McLean's charge was reduced to manslaughter, of which he was cleared at the Old Bailey when it emerged that Humphries had been in a scuffle with the police after being ejected from the nightclub. Reportedly, the police had forcefully restrained him with a stranglehold. Professor Gresham, a pathologist who had worked on many high-profile murder cases, gave evidence that the stranglehold applied by the police probably caused the neck injuries which led to Humphries' death. However, it was determined that McLean was responsible for Humphries' broken jaw. Charged with, and found guilty of, grievous bodily harm, McLean served an 18-month prison sentence.

===Death===
During the filming of Guy Ritchie's Lock, Stock and Two Smoking Barrels, McLean fell ill with what he believed to be flu. He was diagnosed with pleurisy. A further X-ray examination proved he was suffering from lung cancer, which had metastasised to his brain. He died shortly afterwards on 28 July 1998, in Bexley, London, a few weeks prior to the release of the film. Ritchie dedicated the film to him and had its billboards changed to feature McLean in tribute.

==Biographies==
McLean's autobiography, titled The Guv'nor, written with Peter Gerrard, was published in August 1998, shortly after McLean's death. It had an initial print run of 3,000 copies, but took off and soon occupied the number one position on the bestsellers' lists. In 2001, Gerrard authored another book about McLean, titled The Guv'nor: A Celebration.

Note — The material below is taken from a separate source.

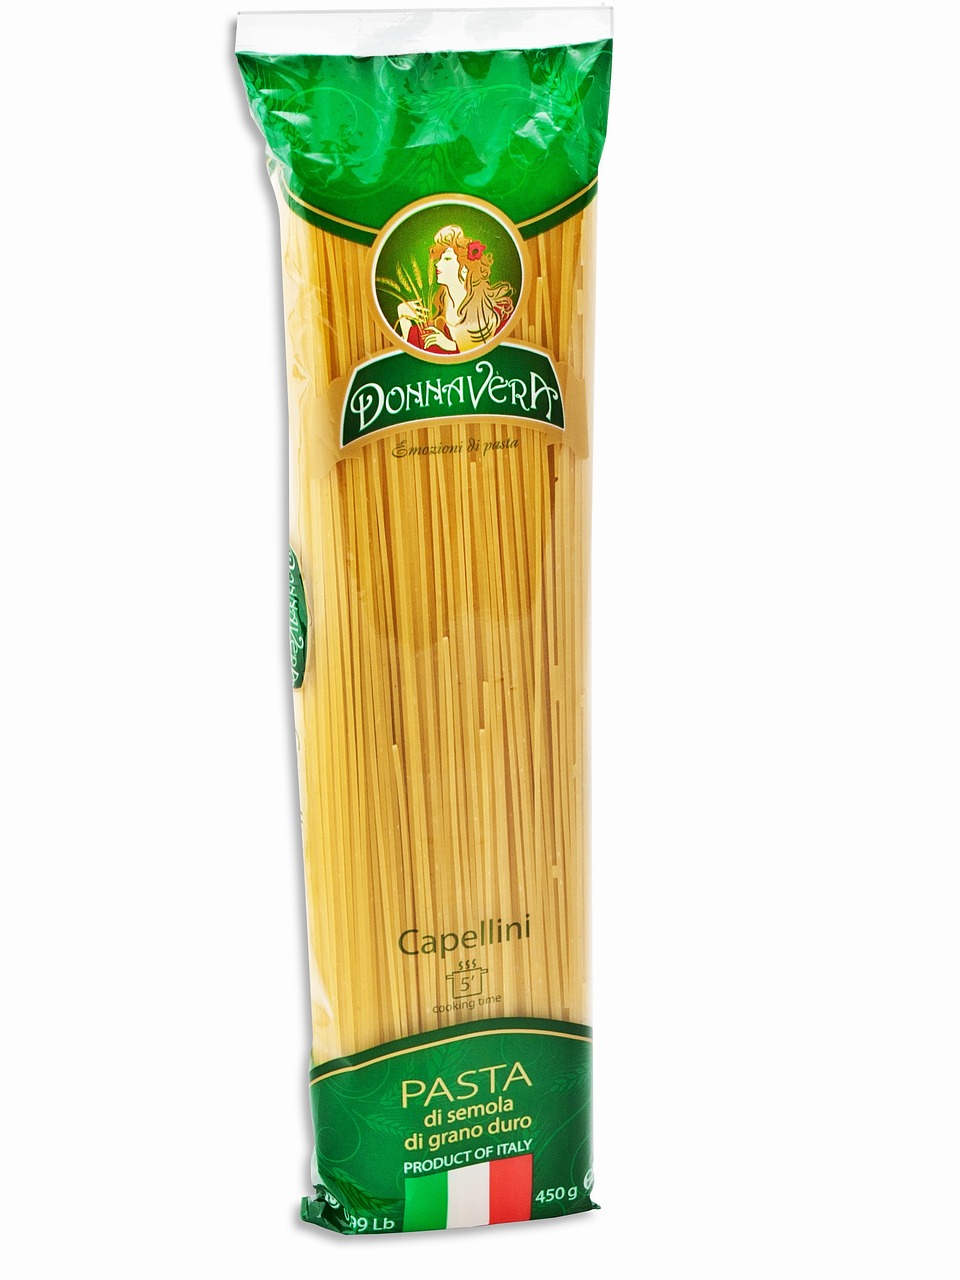 spaghetti pasta products free photo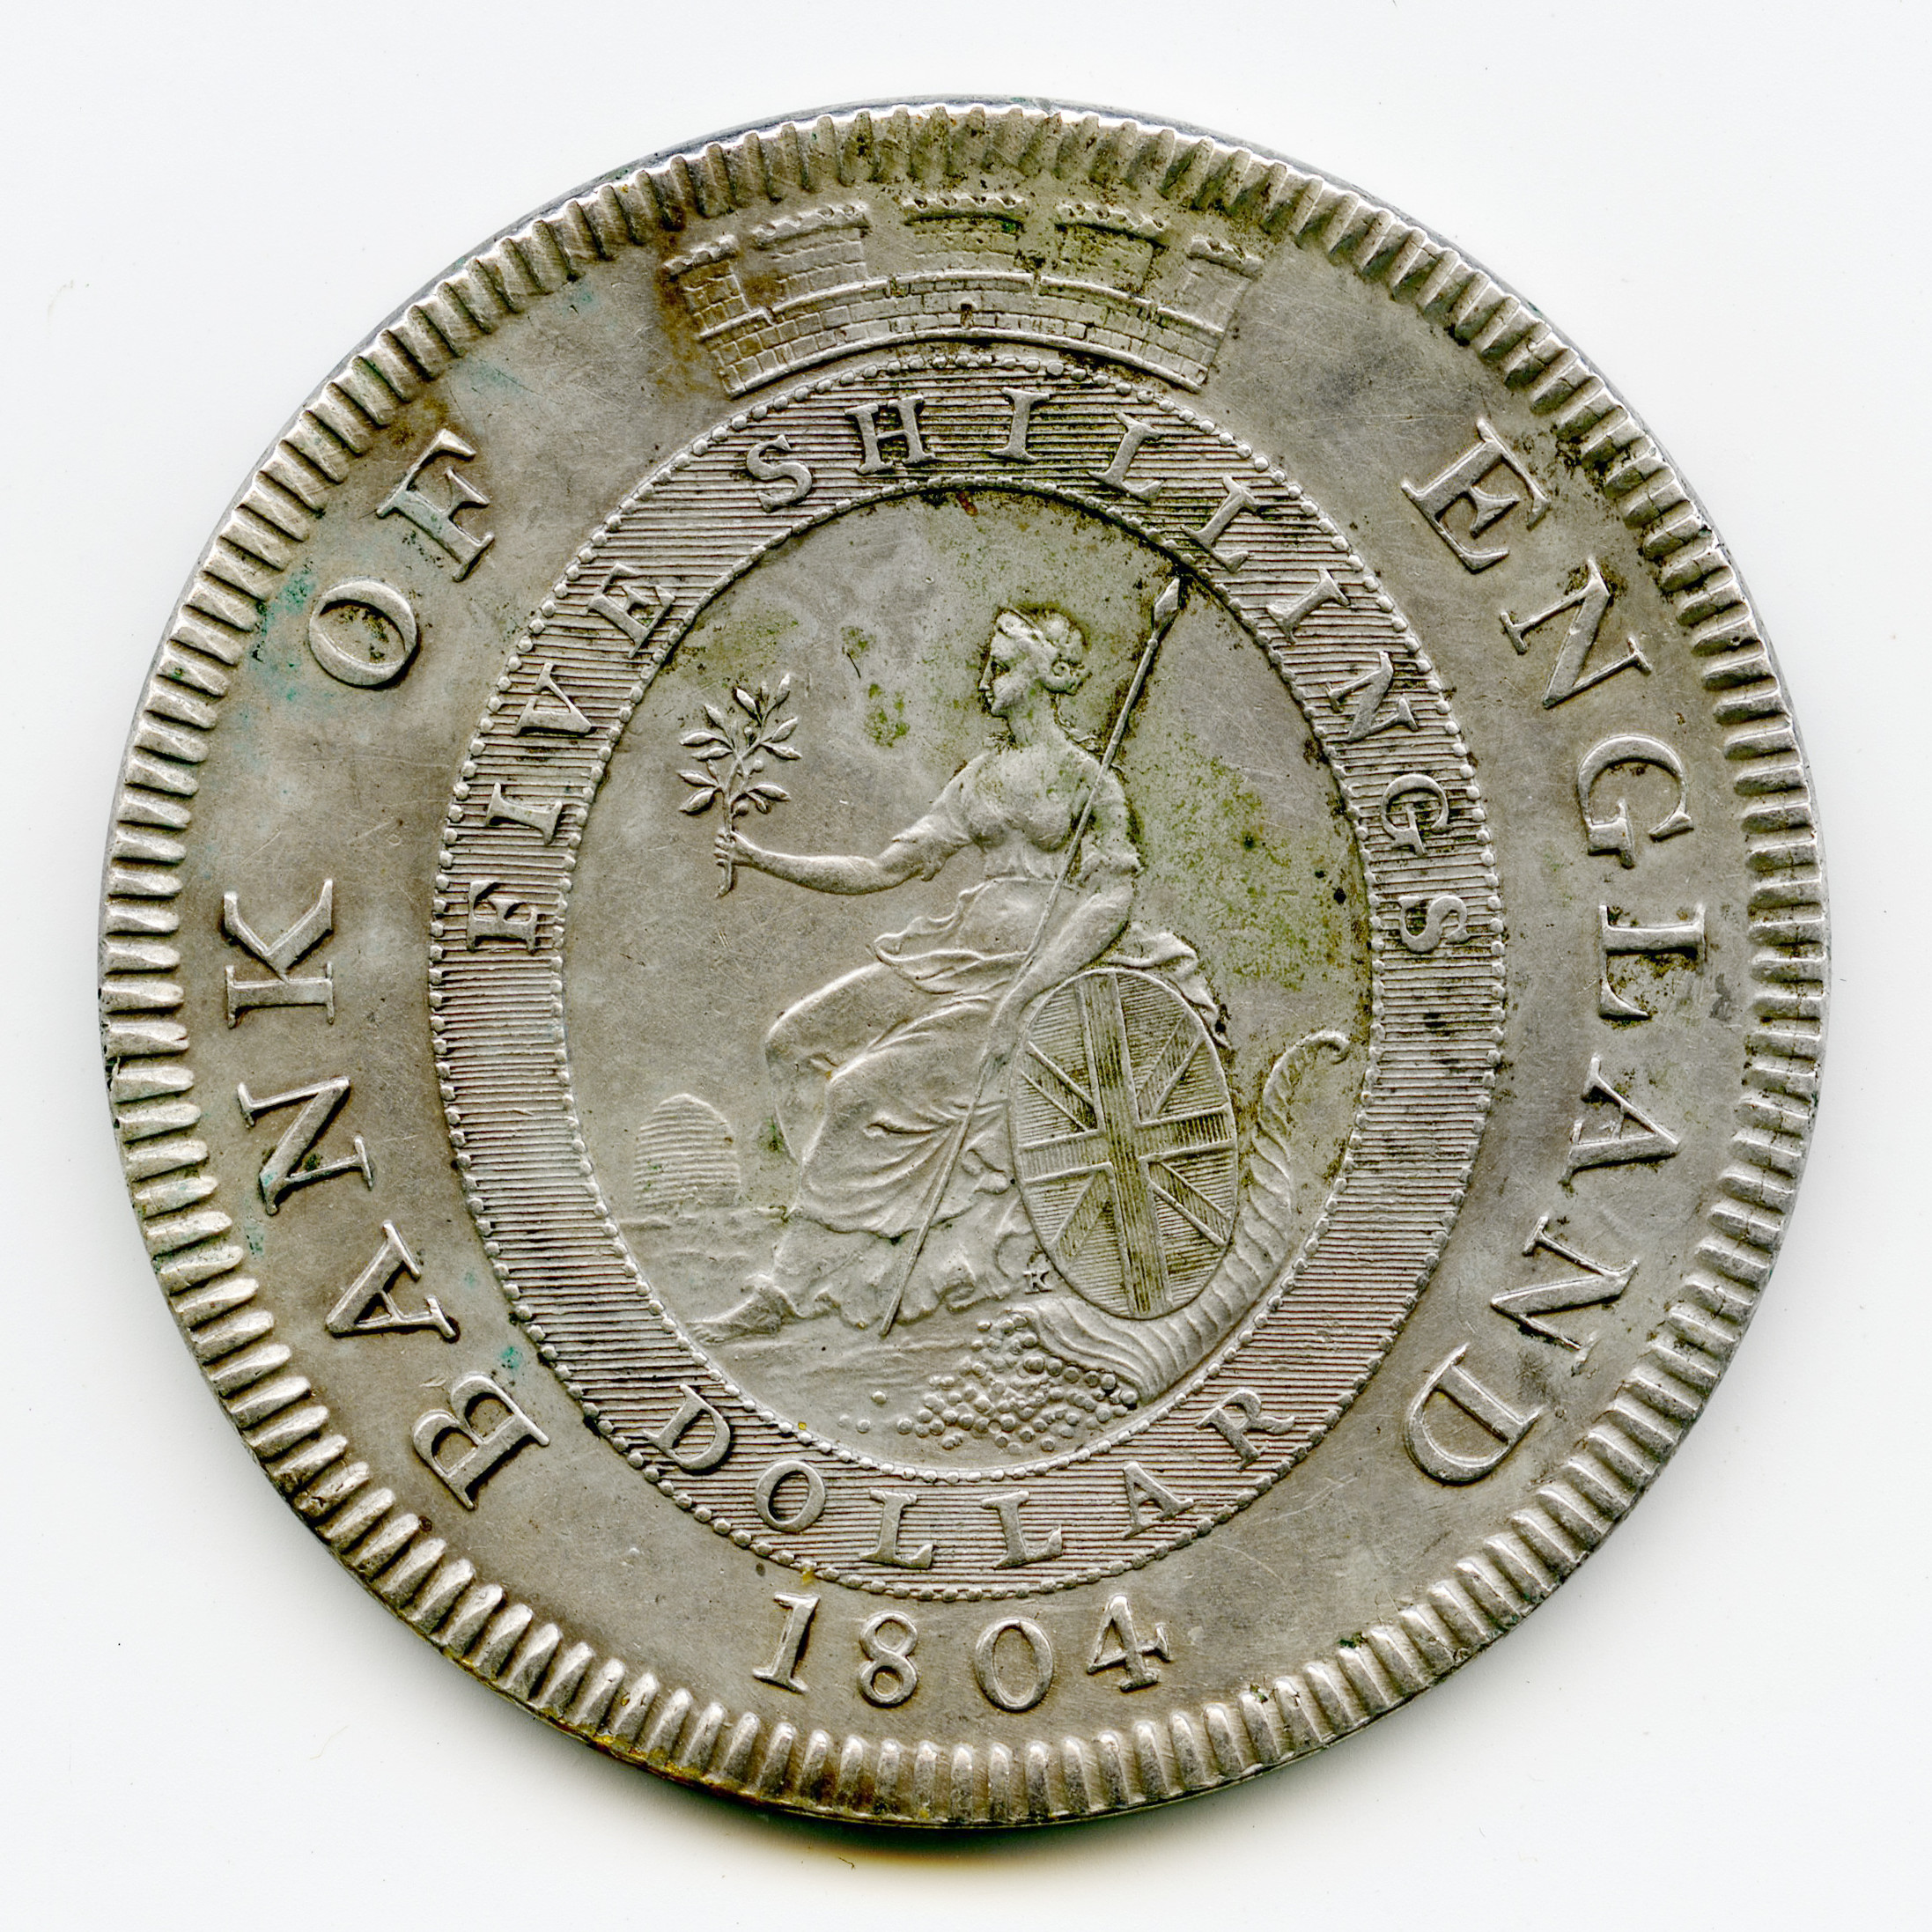 Grande-Bretagne - 1 Dollar - 1804 revers

McLean's widow, Valerie, co-authored Married To The Guv'nor with Gerrard in 2003, and produced a foreword to the 2007 book about McLean by Anthony Thomas titled The Guv'nor Through The Eyes Of Others. In October 2017, The Guv'nor Revealed – The Untold Story of Lenny McLean by Thomas and Lee Wortley was released. In July 2018, McLean's daughter Kelly released the book My Dad: The Guv'nor with ghostwriter Lee Wortley.

==Film adaptations==
In his autobiography, McLean recounts that various film studios had expressed an interest in making a film based on his life and career in unlicensed boxing. McLean wanted Craig Fairbrass to portray him as he had known the actor for some time, and considered Fairbrass resembled himself as a younger man. McLean travelled to Hollywood to discuss the matter with film studio executives, but their preference for Sylvester Stallone for the part caused McLean to discontinue negotiations. One supposed film promoter, later found to have been a conman, took more than a million pounds from McLean and disappeared. The plan fell into hiatus on McLean's death.

The Guv'nor, a documentary about McLean's life, as seen through the eyes of his son Jamie, was released in 2016. The drama film My Name Is Lenny was released in 2017, featuring Australian actor Josh Helman in the title role, and Michael Bisping as Roy "Pretty Boy" Shaw. A reviewer for The Times said Helman was "woefully miscast" as McLean.